▶ **Dataset extract**:
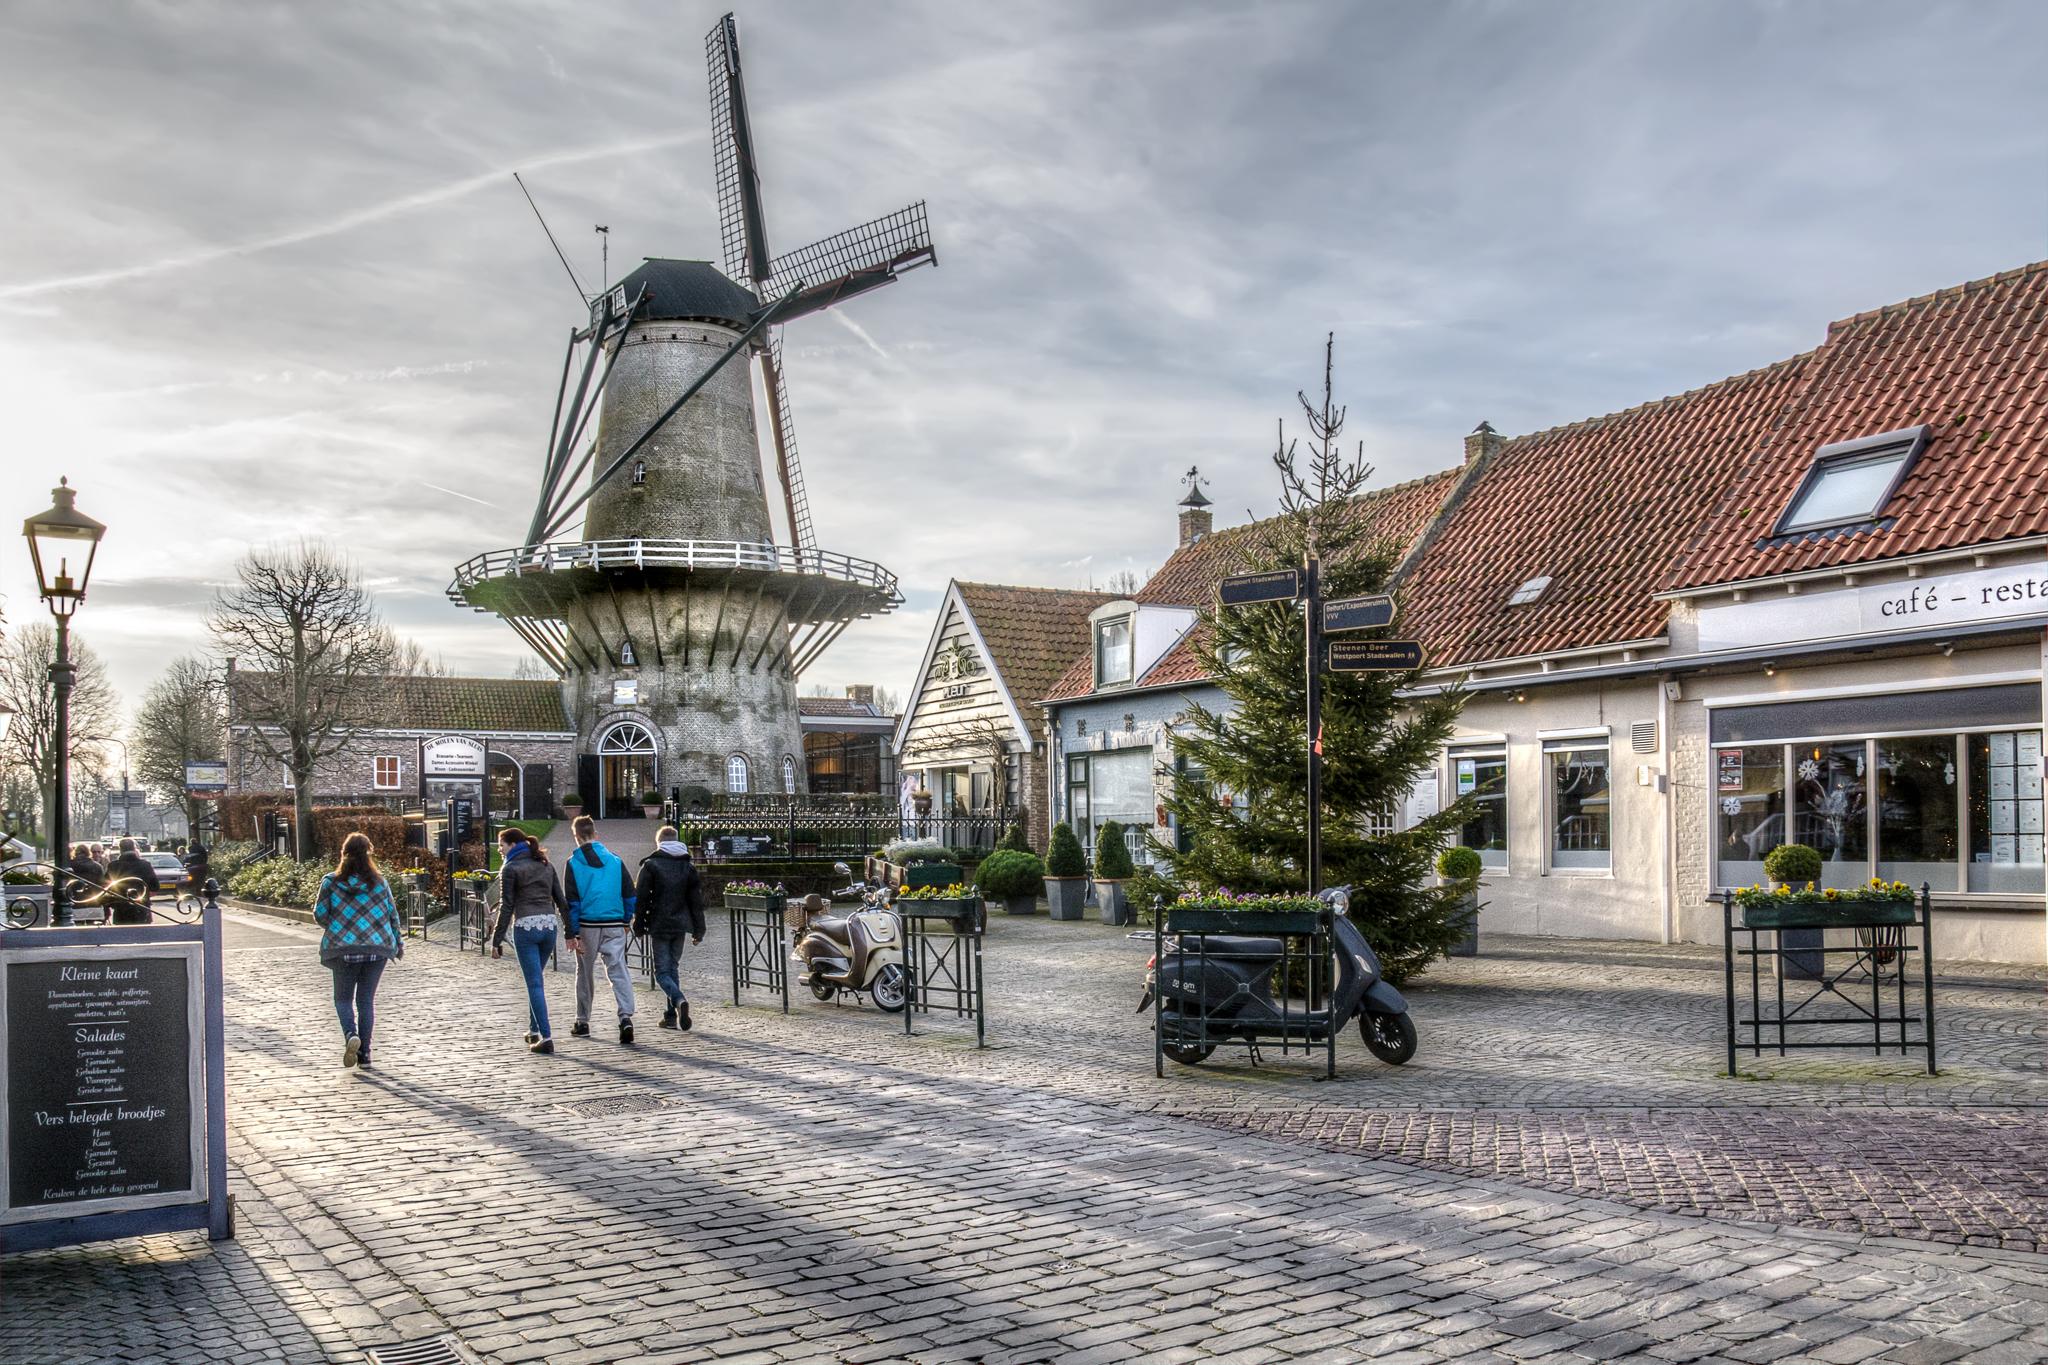 Sluis, Netherlands
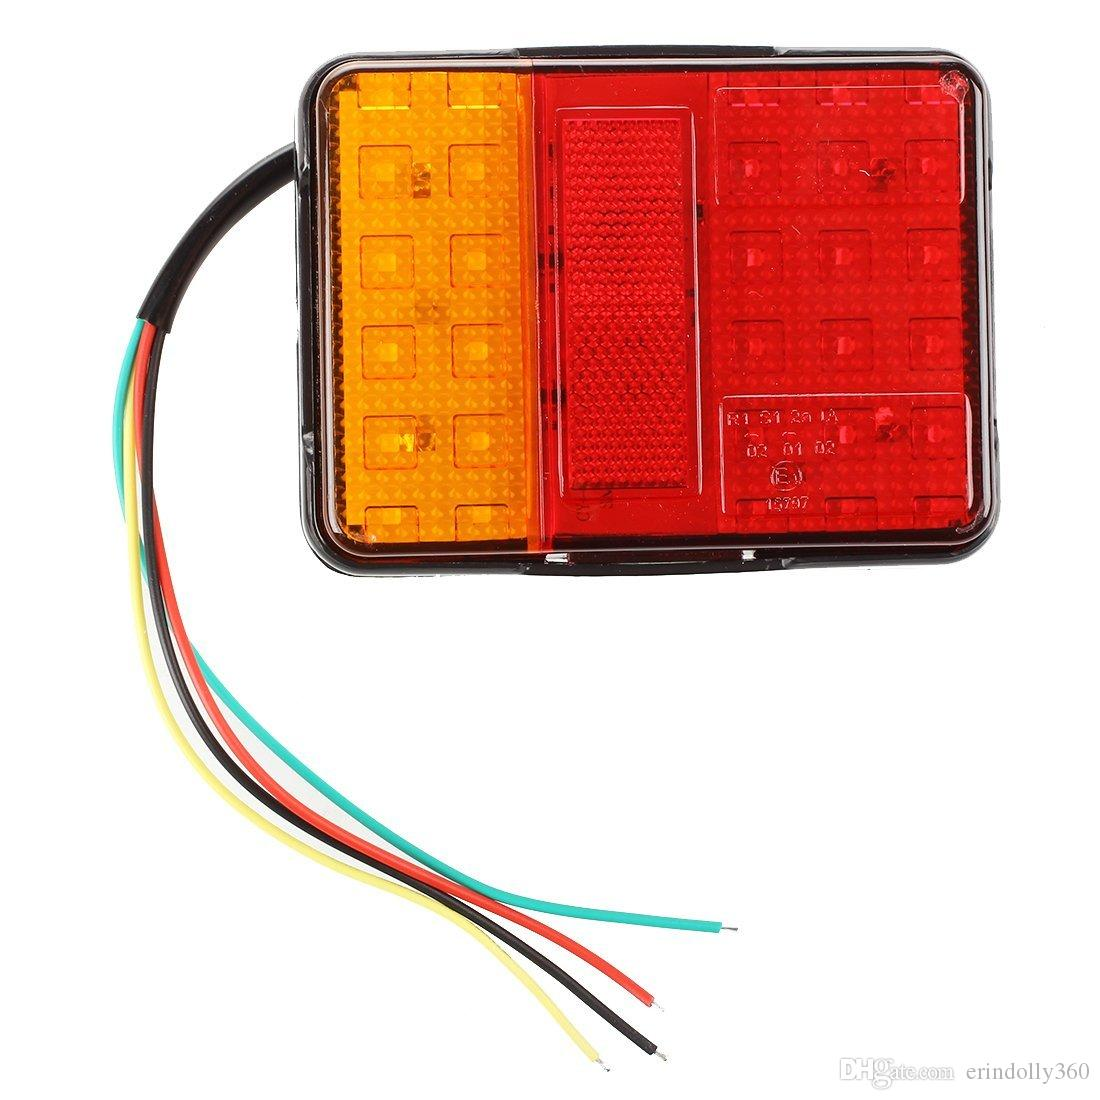 2x 30 LED Impermeabile 2W Tail Rear Light Lampada rossa / gialla per barca per rimorchio
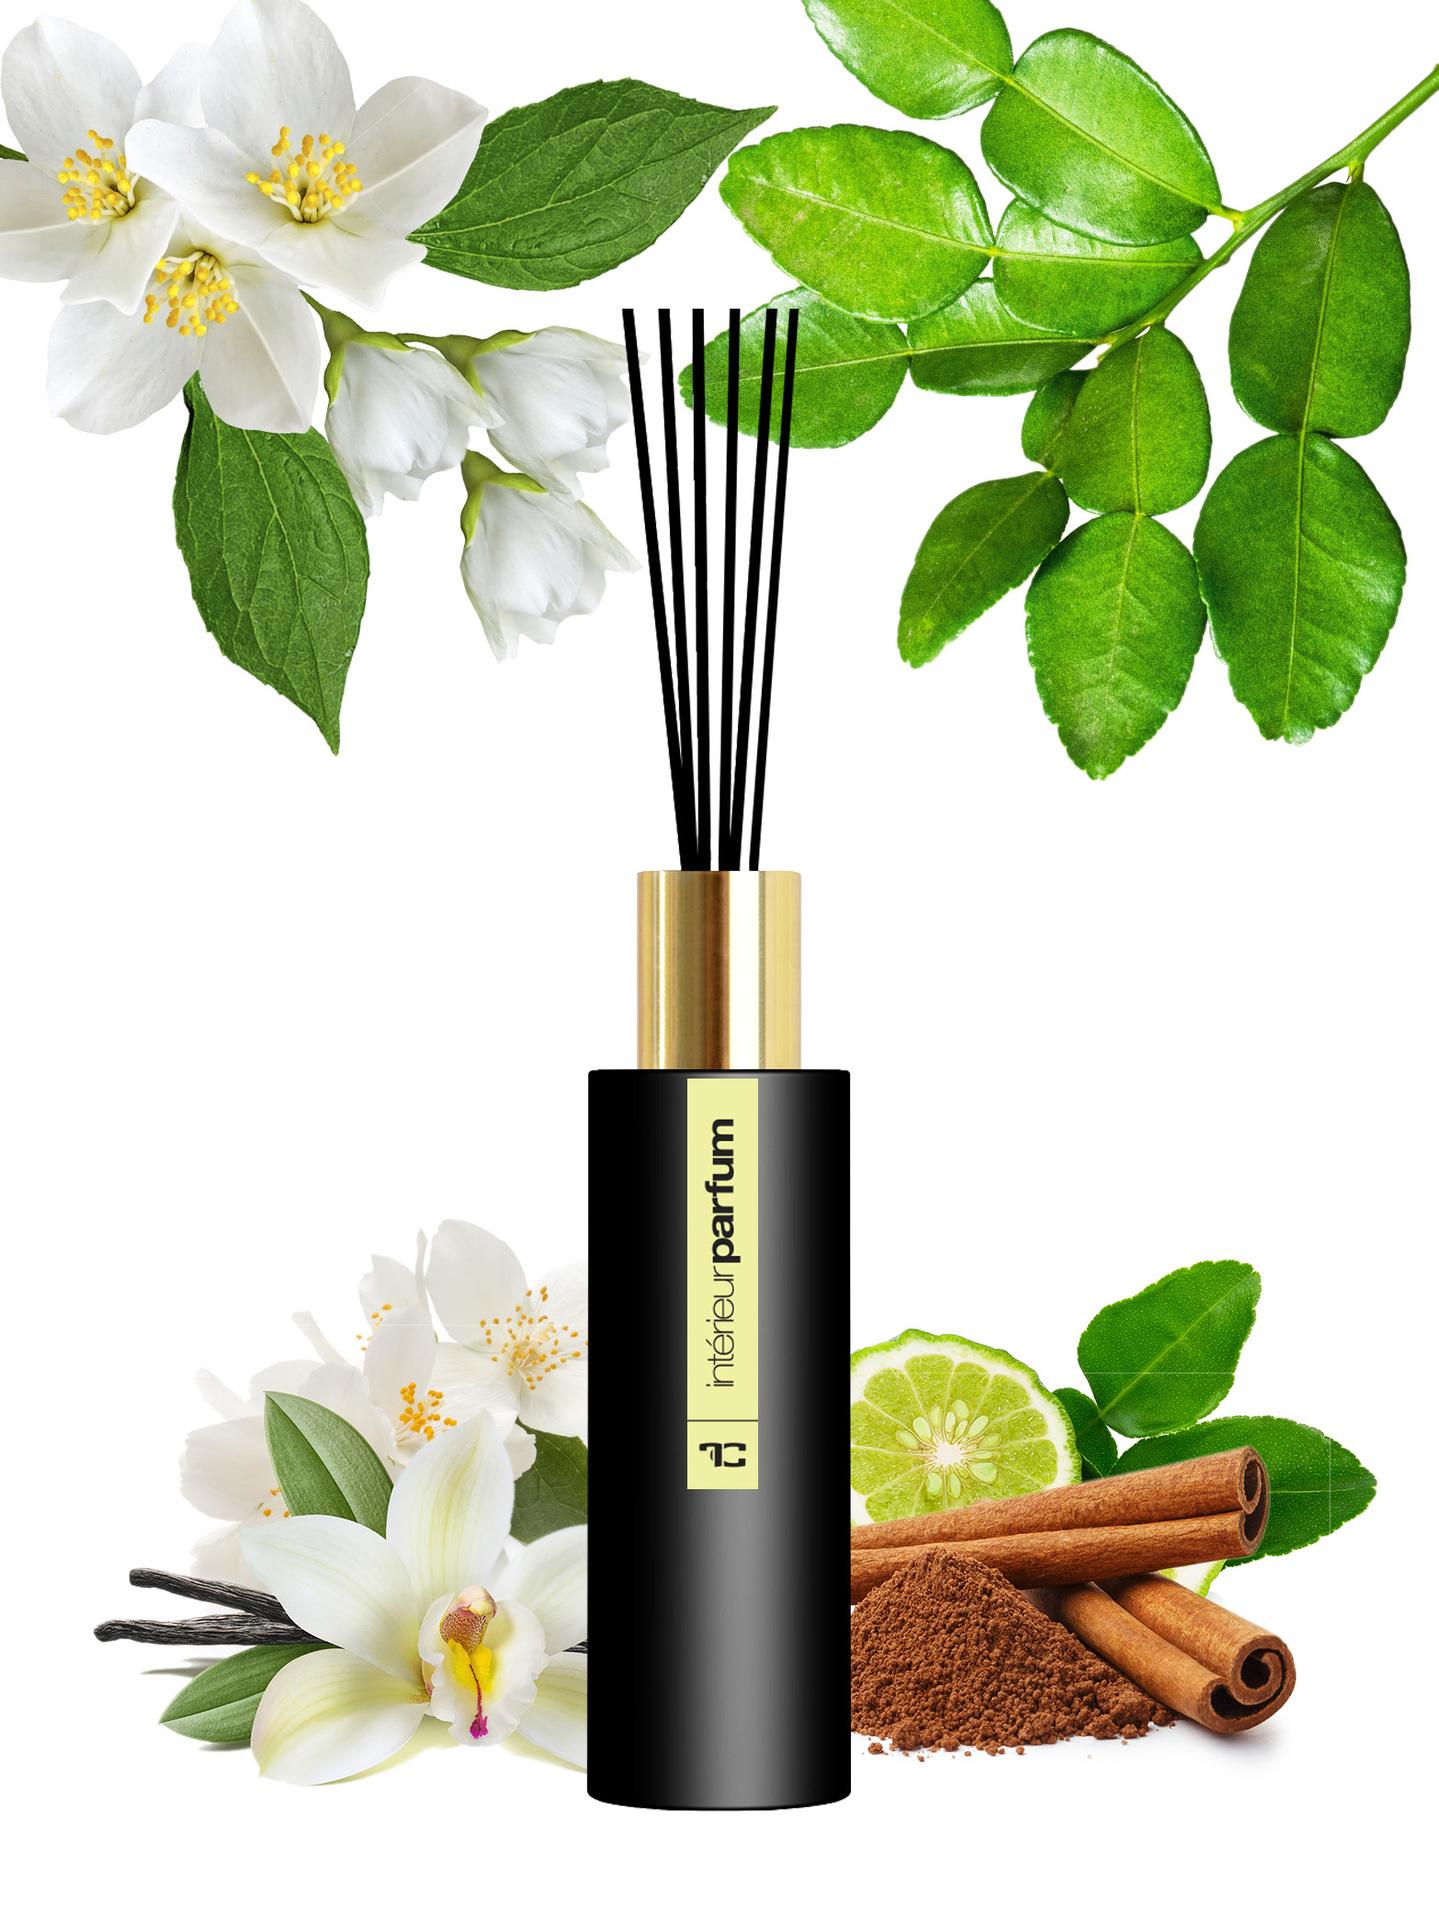 Interiérový parfém VANILLA CREAM, vonný roztok s vysokým obsahem parfémové kompozice

▶ **Work to complete**: Say again, word for word, every line from the one with "2x 30 LED Impermeabile" through the last line of the data above, minus the pictures.

▶ **Response**:
 2x 30 LED Impermeabile 2W Tail Rear Light Lampada rossa / gialla per barca per rimorchio
 Interiérový parfém VANILLA CREAM, vonný roztok s vysokým obsahem parfémové kompozice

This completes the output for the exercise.